* **Source data**

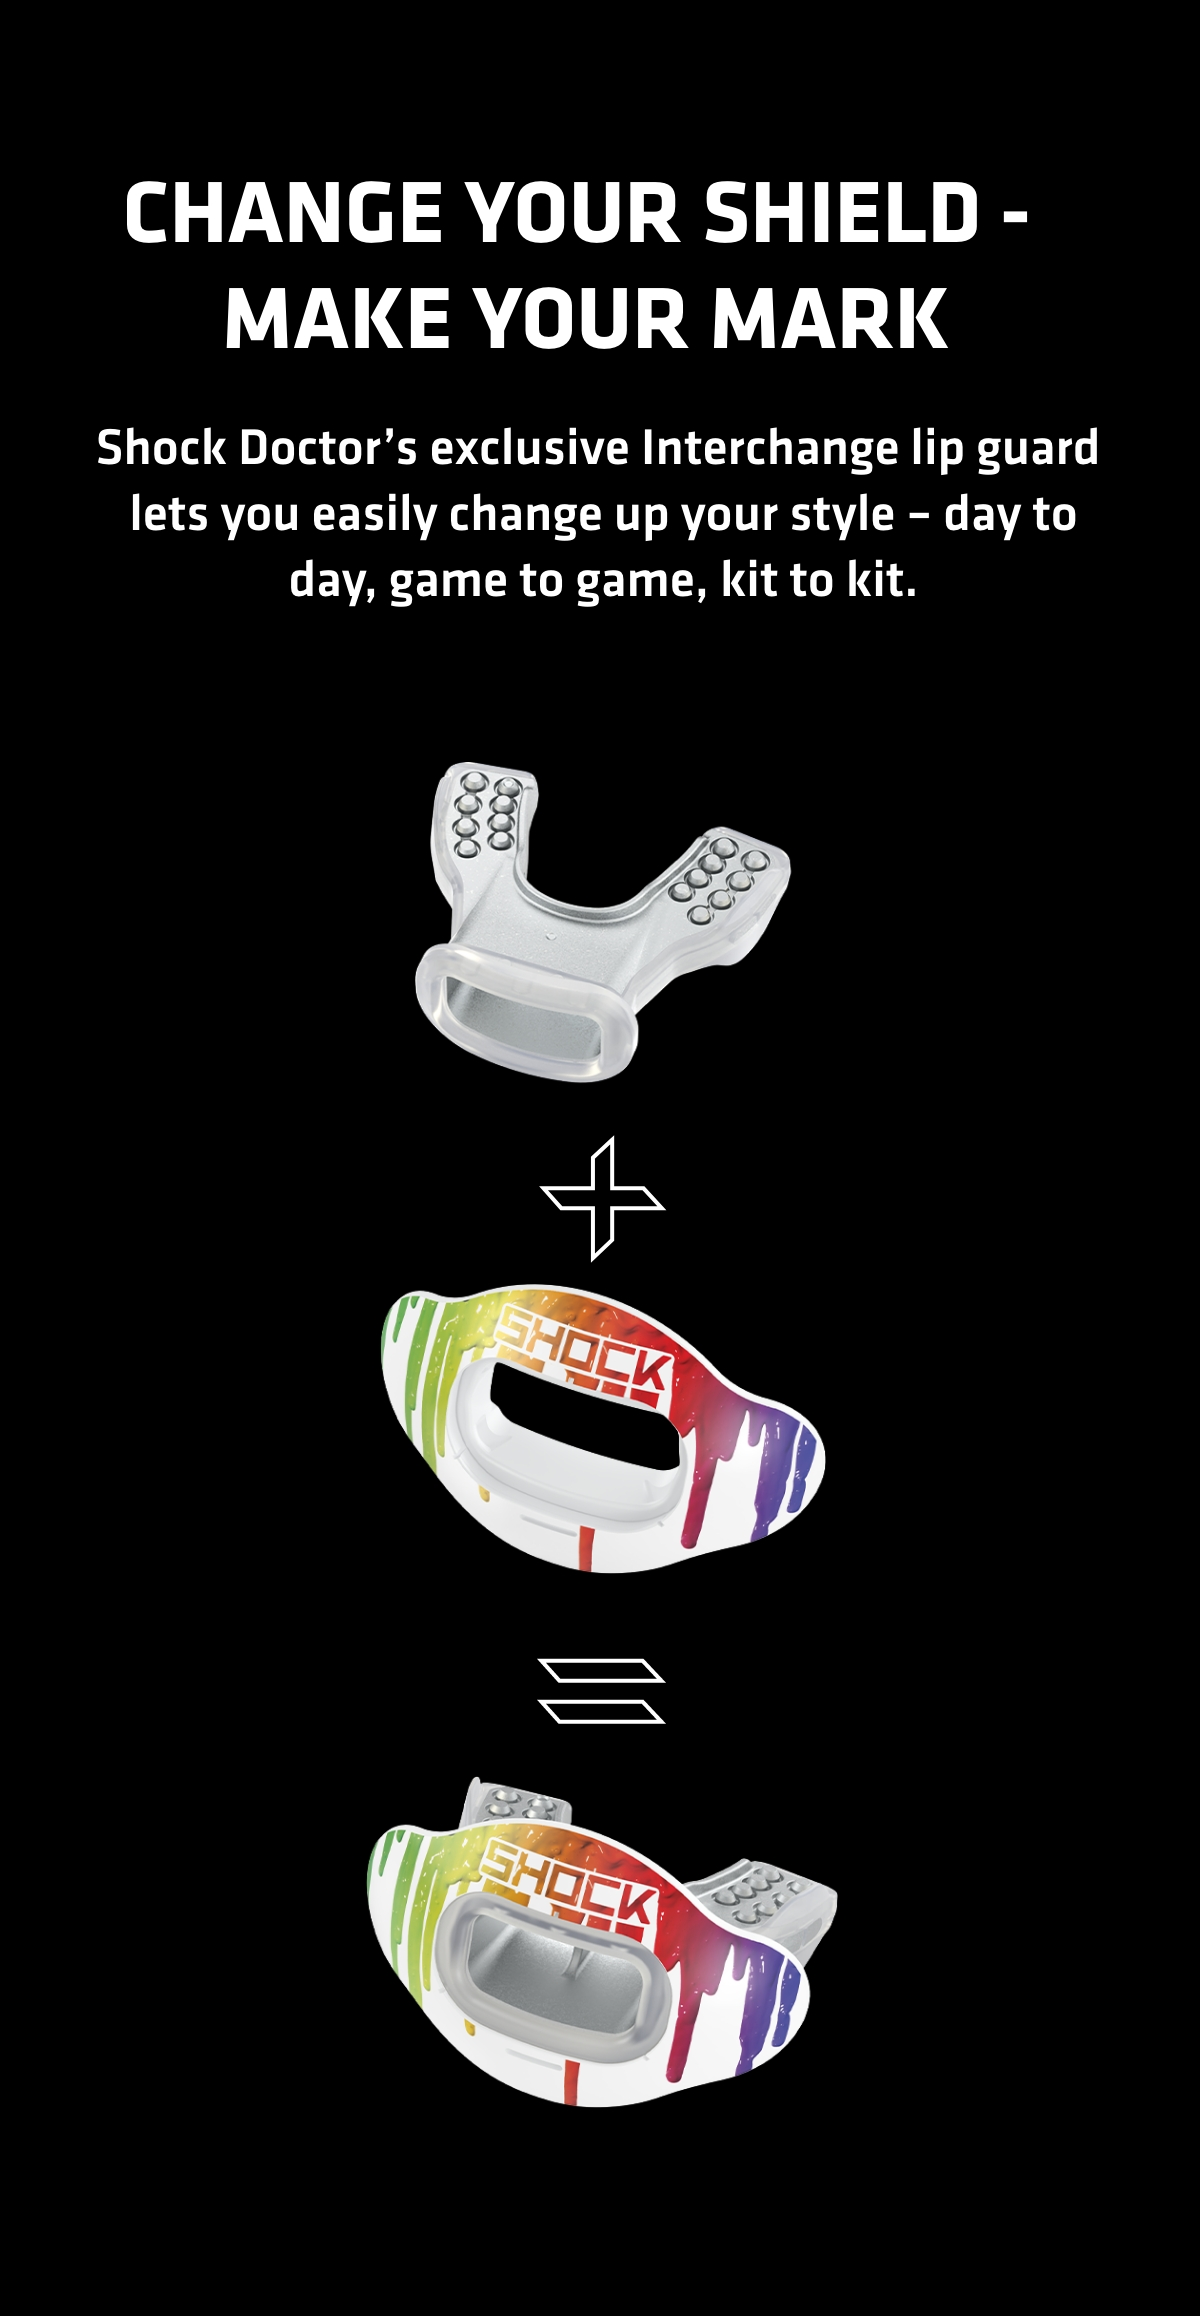 Change your shield - make your mark. SHock Doctor's exlcusive interchange lip guard lets you easily change up your style - day to day, game to game, kit to kit.
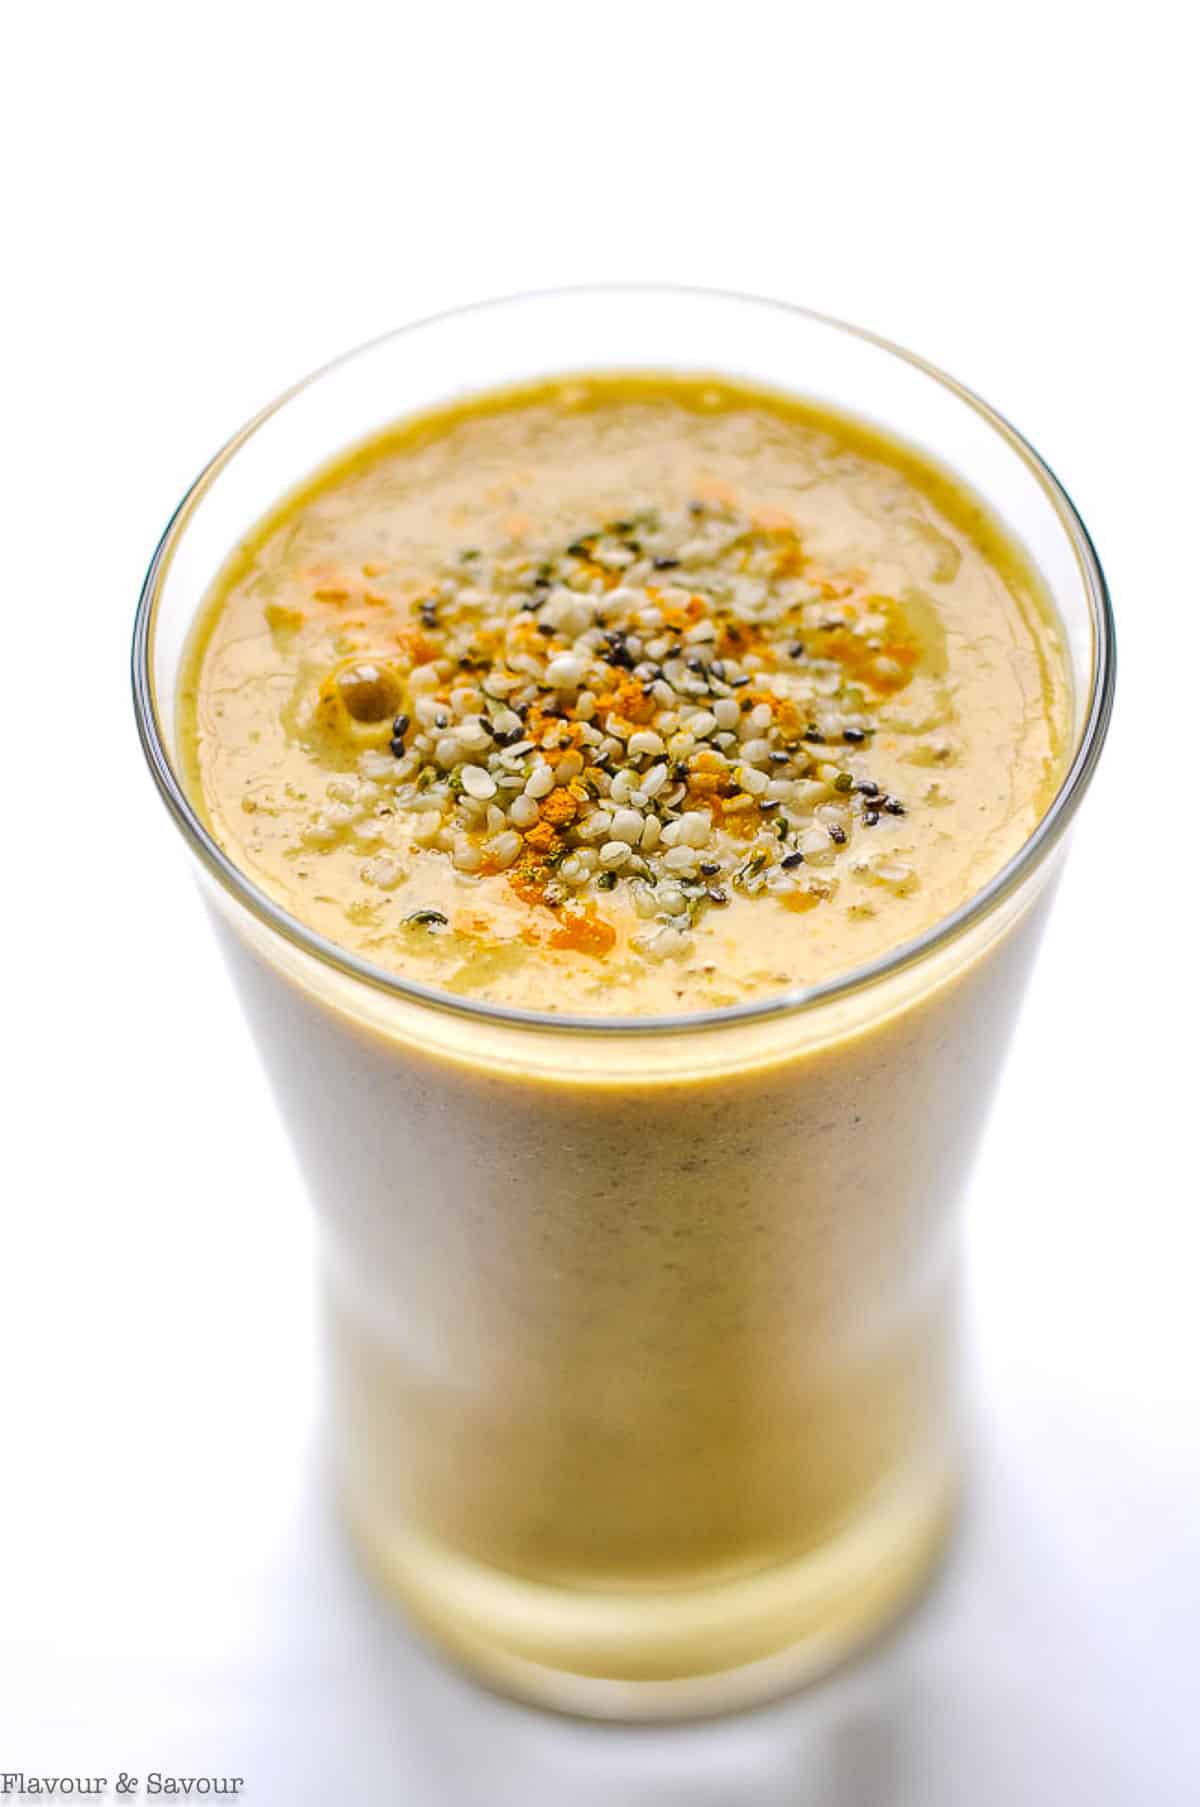 Tropical Turmeric Smoothie garnished with hemp and chia seeds
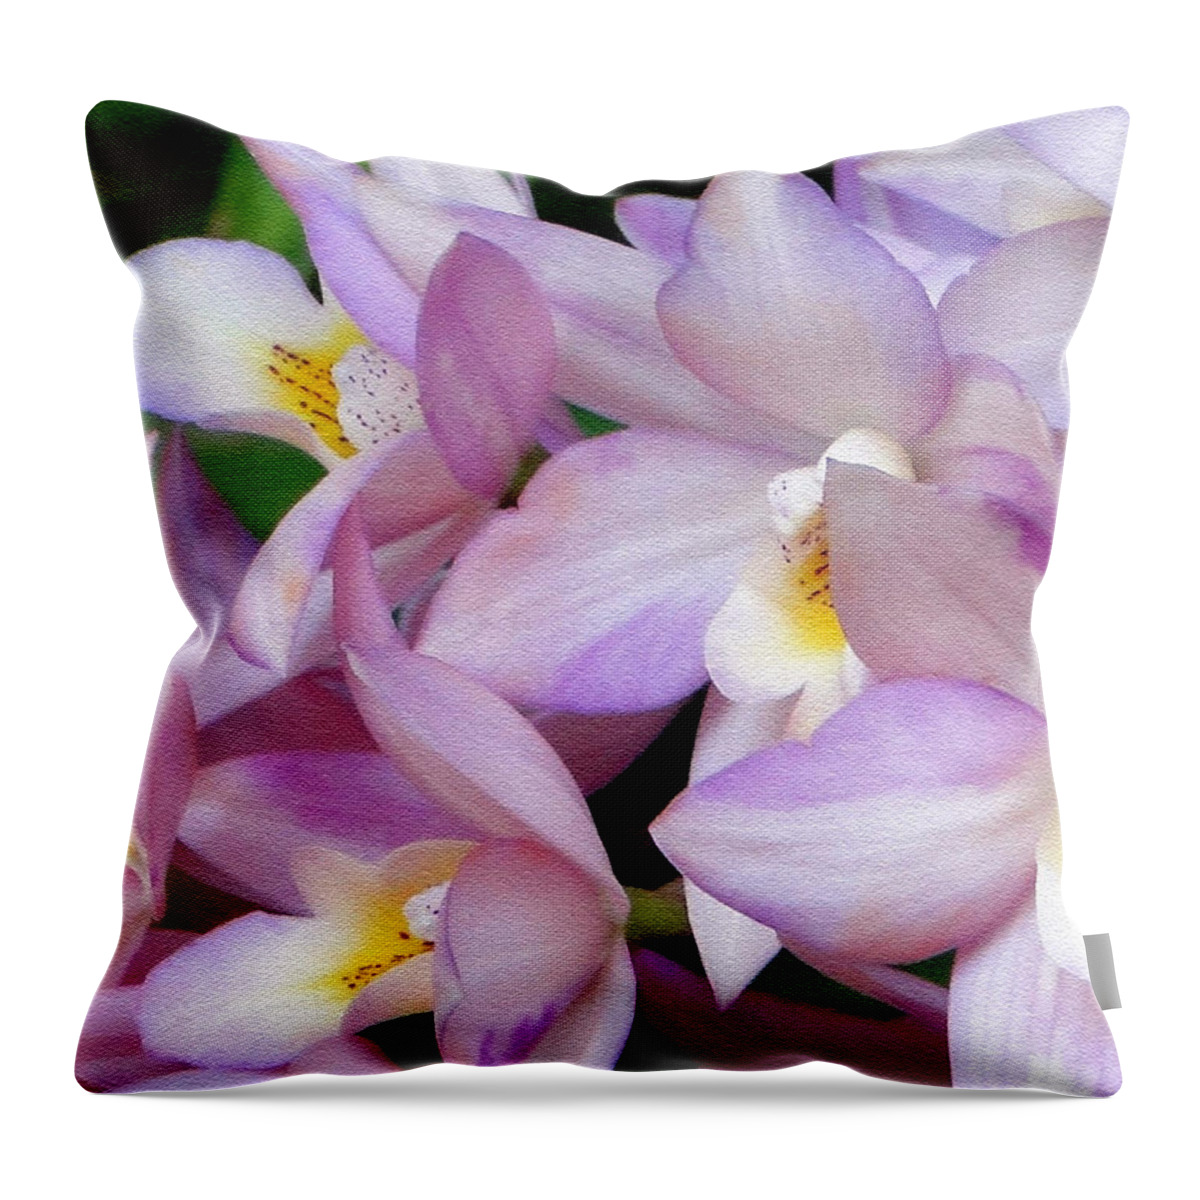 Orchid Throw Pillow featuring the photograph Lovely Orchid Family by Sue Melvin

* **The task**
The result should be an exact copy of the material, containing no pictures.

* **Task result**
 Change your shield - make your mark. SHock Doctor's exlcusive interchange lip guard lets you easily change up your style - day to day, game to game, kit to kit.
 Tropical Turmeric Smoothie garnished with hemp and chia seeds
 Orchid Throw Pillow featuring the photograph Lovely Orchid Family by Sue Melvin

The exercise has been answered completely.